魂の七番勝負(藤井九段vs佐々木五段)の感想 - 将棋のブログ

将棋のブログ ホーム » プロ将棋 » 魂の七番勝負(藤井九段vs佐々木五段)の感想

魂の七番勝負(藤井九段vs佐々木五段)の感想

10月8日に放映された魂の七番勝負第2局(藤井猛九段vs佐々木勇気五段)は、83手で佐々木勇気九段が勝ちました。

第3局は行方尚史八段vs藤井聡太四段で10月14日(土)19時からの放送。


<感想>
藤井九段は、居飛車穴熊が猛威を振るい、振り飛車を絶滅の危機に追い込んでいた頃に、藤井システムを編み出して四間飛車で竜王を獲得した振り飛車の救世主。

その著書「四間飛車を指しこなす本」が良書であったことも拍車をかけたのか、2000年頃、将棋倶楽部24では級位の間でも四間飛車だらけだったのを思い出します。

ここ10年くらいの間に将棋を始めた人は想像つかないかもしれませんが、そういう時代がありました。私も四間飛車に悩まされ、「四間飛車を指しこなす本」全3巻を購入したのを覚えてます。
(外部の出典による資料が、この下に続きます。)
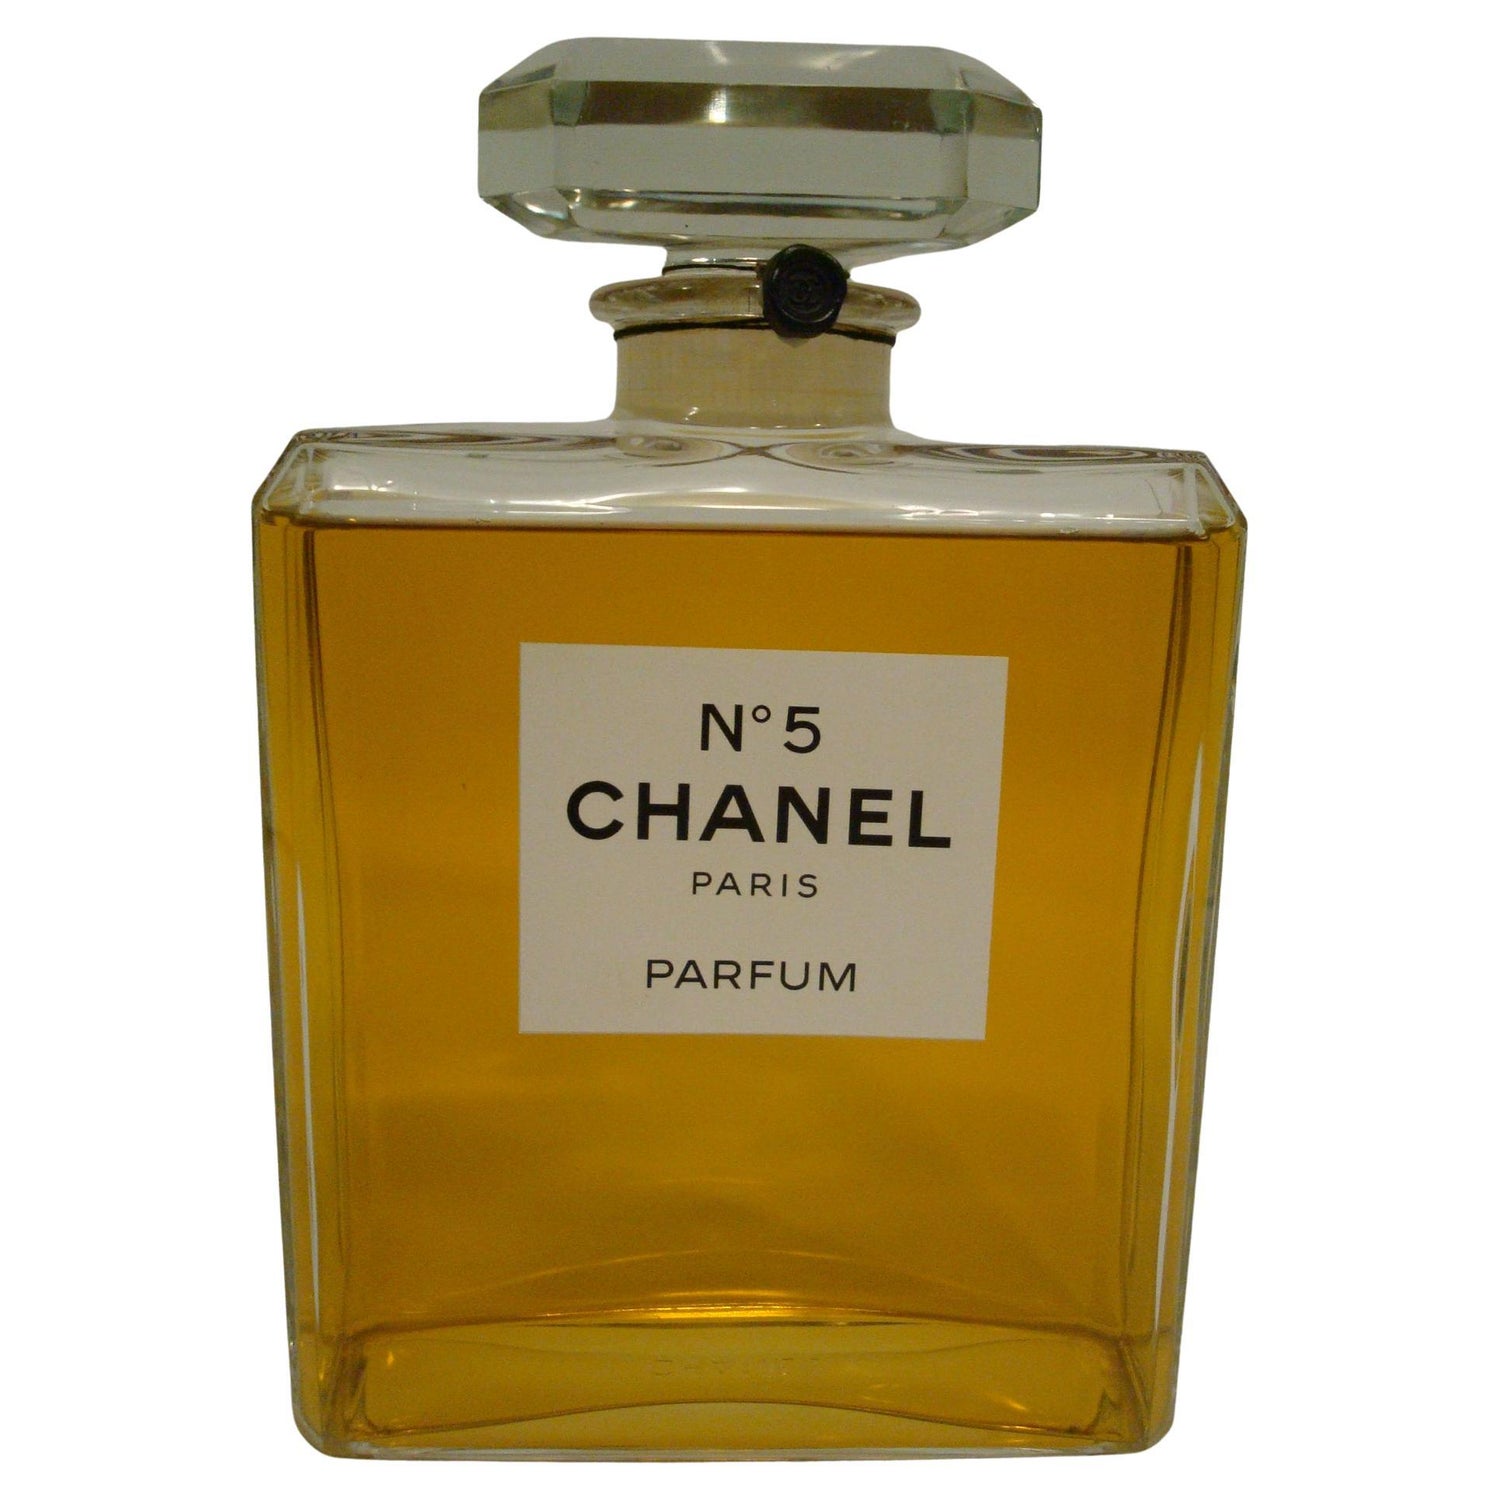 Chanel 5 Water Bottle - 2 For Sale on 1stDibs

当時は、振り飛車と言えば四間飛車で、他のは本当にレアでした。

対する佐々木五段は藤井四段の連勝記録を止めたことで有名。その前から、棋戦の挑戦者争いにその名を連ねていて、将棋ファンの間ではその実力は周知されていたと思います。16歳1ヶ月でのプロ入りは、史上6番目の年少記録。

さて、佐々木五段先手で始まった本局、後手の藤井九段が選んだ戦型は四間飛車藤井システム。

先手番でも後手番でも藤井システムをやるつもりだったらしく、ファンが観たいものを選ぶところが、本当にプロだと思います。

対する佐々木五段は右銀を斜め棒銀の形で繰り出し、▲2四歩の突き捨てから33手▲2三歩と垂らした新手が本局最大のポイント。

実戦でその手を初めて指されたという藤井九段は、その対応に時間を削られ、流れは徐々に佐々木五段のペースになりました。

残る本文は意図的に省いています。